The danger is if you actually enact those tariffs, you don’t get what you want, which is near-shoring and supply chains in North America, and you encourage Mexico to cooperate more with China if the negotiation breaks down. So it’s a dangerous strategy. It could help if it does bring Mexico to cooperate more. It could hurt if it pushes Mexico into Chinese arms.
Lindsay: During his first term, Trump raised tariffs on a large share of imports from China, and you mentioned that on the campaign trail he has promised at least 60 percent tariffs on all imports from China. What are you most concerned about, broadly speaking, in our economic competition with China?

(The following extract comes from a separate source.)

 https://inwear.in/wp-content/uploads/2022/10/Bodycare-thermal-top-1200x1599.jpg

Caroline Freund: I’m actually most concerned about an ‘own goal’ with respect to our competition with China. So, what does that mean? That means we’re so enamored with China’s industrial policy and China’s protectionism and China’s lack of immigration, we think that’s the way to succeed. The way to succeed in the U.S. has always been free markets, letting the most productive companies grow and export, and not trying to steer government resources through industrial policy to specific sectors. That can work really well when you’re inside the frontier of technology. It works a lot less well when you’re at the frontier because you don’t know which technologies will be successful. I’d much rather have businesses, academics focus on technologies and expansion than have the government steering it. So, I’m actually most worried about us going protectionist and that not helping.
A perfect example is immigration where that has been a superpower of the U.S. We can source talent from 8 billion people, because we’re open, rather than the 300 plus million in the U.S. That’s huge, being able to bring in talent. China doesn’t have that. So, really, I’m most concerned about our own policies ultimately hurting us with respect to our competition with China.

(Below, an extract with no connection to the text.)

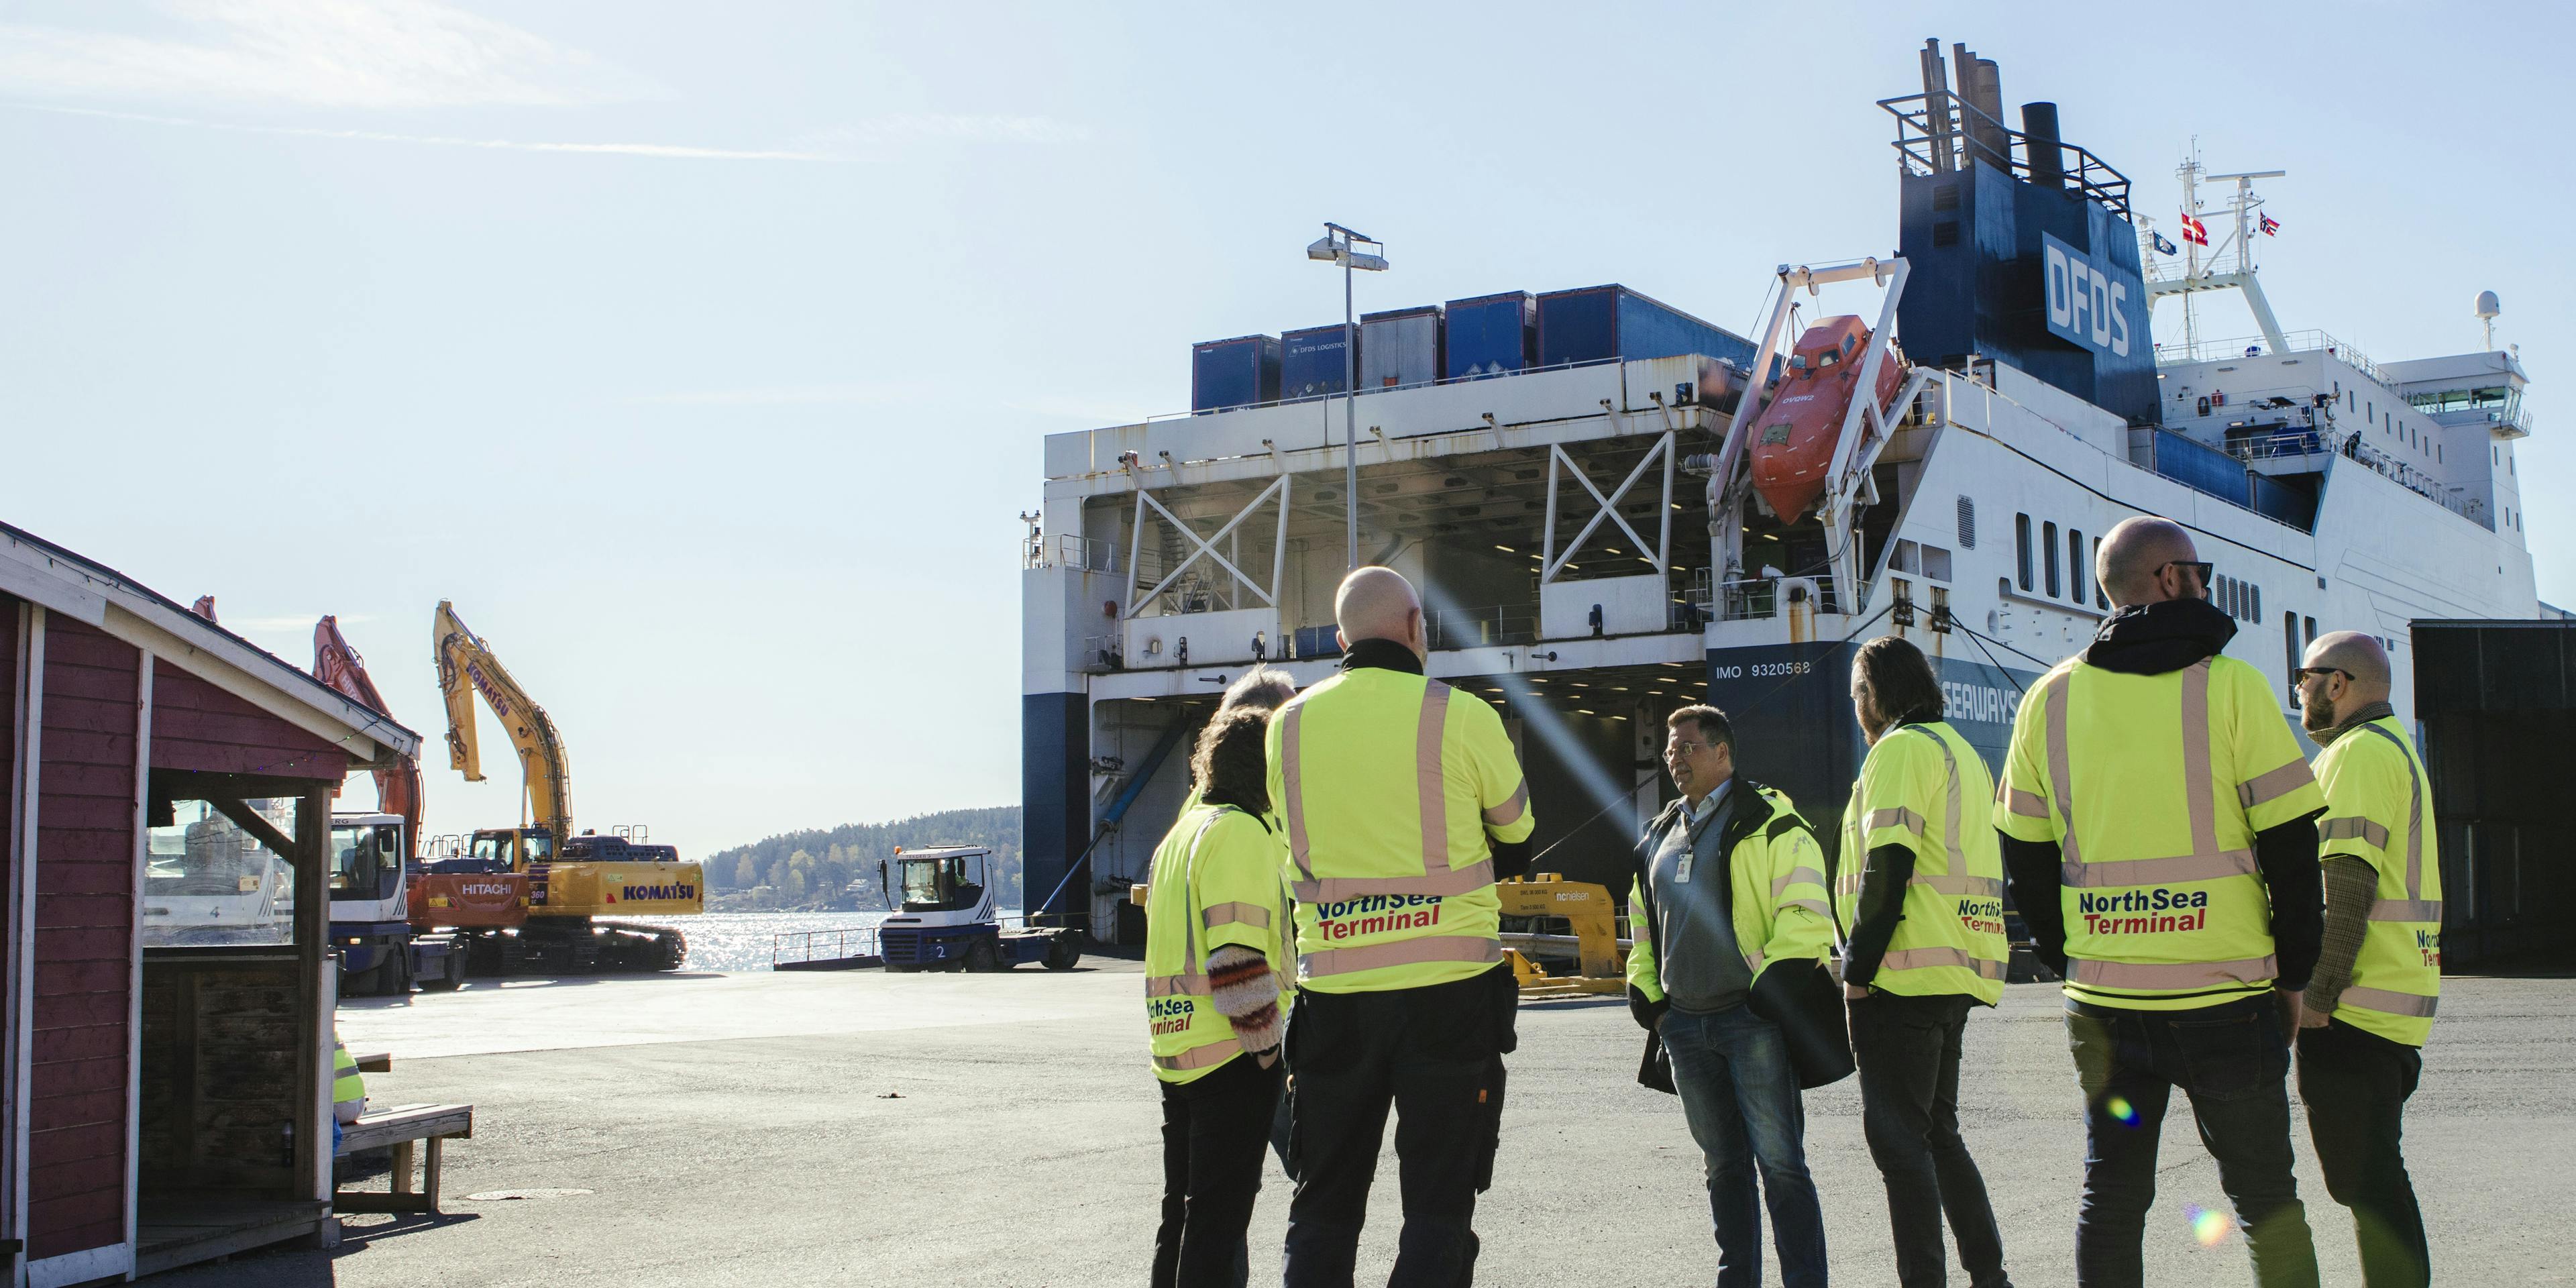 DFDS NorthSea terminal employees, ship

Lindsay: At the start of Trump’s first administration in 2017, you wrote that Trump was bringing a highly confrontational approach to trade policy and that the biggest danger was that that would unravel global cooperation, which we need so desperately in so many areas.
Trump’s approach remains highly confrontational and transactional. Who will this approach help and who will it hurt?
Caroline Freund: Yeah, so Trump has a very confrontational approach to trade policy, and not everyone is hurt by it. So if we look at the tariffs on China, it has been a boon for countries like Vietnam, Mexico, Thailand, India, Korea, and others who now can displace China in the U.S. market. There was already a bit of a shift of manufacturing out of China because wages were rising, and it’s really accelerated that shift. So it has been good for some.
It’s obviously bad for the target of the policy. The bigger danger, and the tariffs I guess I would be most afraid of, are broad-based, because those are most likely to, I think, set off a more global trade war, where then everybody starts raising tariffs and you end up in a worse place for global growth and global allocation of resources and production.
The thing about trade that I think people don’t realize is that it makes us as a world use our resources more efficiently. The U.S. is really good at high tech production, and other countries may be really good at manufacturing. When I was in graduate school, we talked about trading computer chips for potato chips. However you want to think about it, but if you can specialize and produce what you’re most efficient at producing relative to the rest of the world, then you can produce more of everything using fewer resources, and it’s better for the world.
There are a lot of global challenges we face right now, and these are things that are best solved together. Climate change is always the perfect example of an area where countries need to work together, because even if one country shifts completely to renewables, it actually reduces the price of oil for the rest of the world l, which continues to mean that fossil fuels are going to be used and carbon emissions are going to increase. So we need to work together in order to change the trajectory. And trade, historically, has been a great way to lock in countries; You can give trade deals—And in exchange, you cooperate with the U.S. on other issues. And clearly, those levers are being tried now with the threat of tariffs, rather than the promise of competition. But again, it’s a dangerous strategy because it can unravel all the progress we’ve seen so far.
Lindsay: A key area in the global economic and technological competition between great powers is in the domain of energy policy. I spoke with Nic Wittstock, a postdoc fellow at IGCC who studies the politics of technological change, especially as they relate to renewable energy, to understand what the Republican sweep of the White House and Congress might mean for clean energy, and for the broader goal of addressing climate change. I started by asking him what Trump’s political appointments so far suggest about the trajectory of his policy in this area.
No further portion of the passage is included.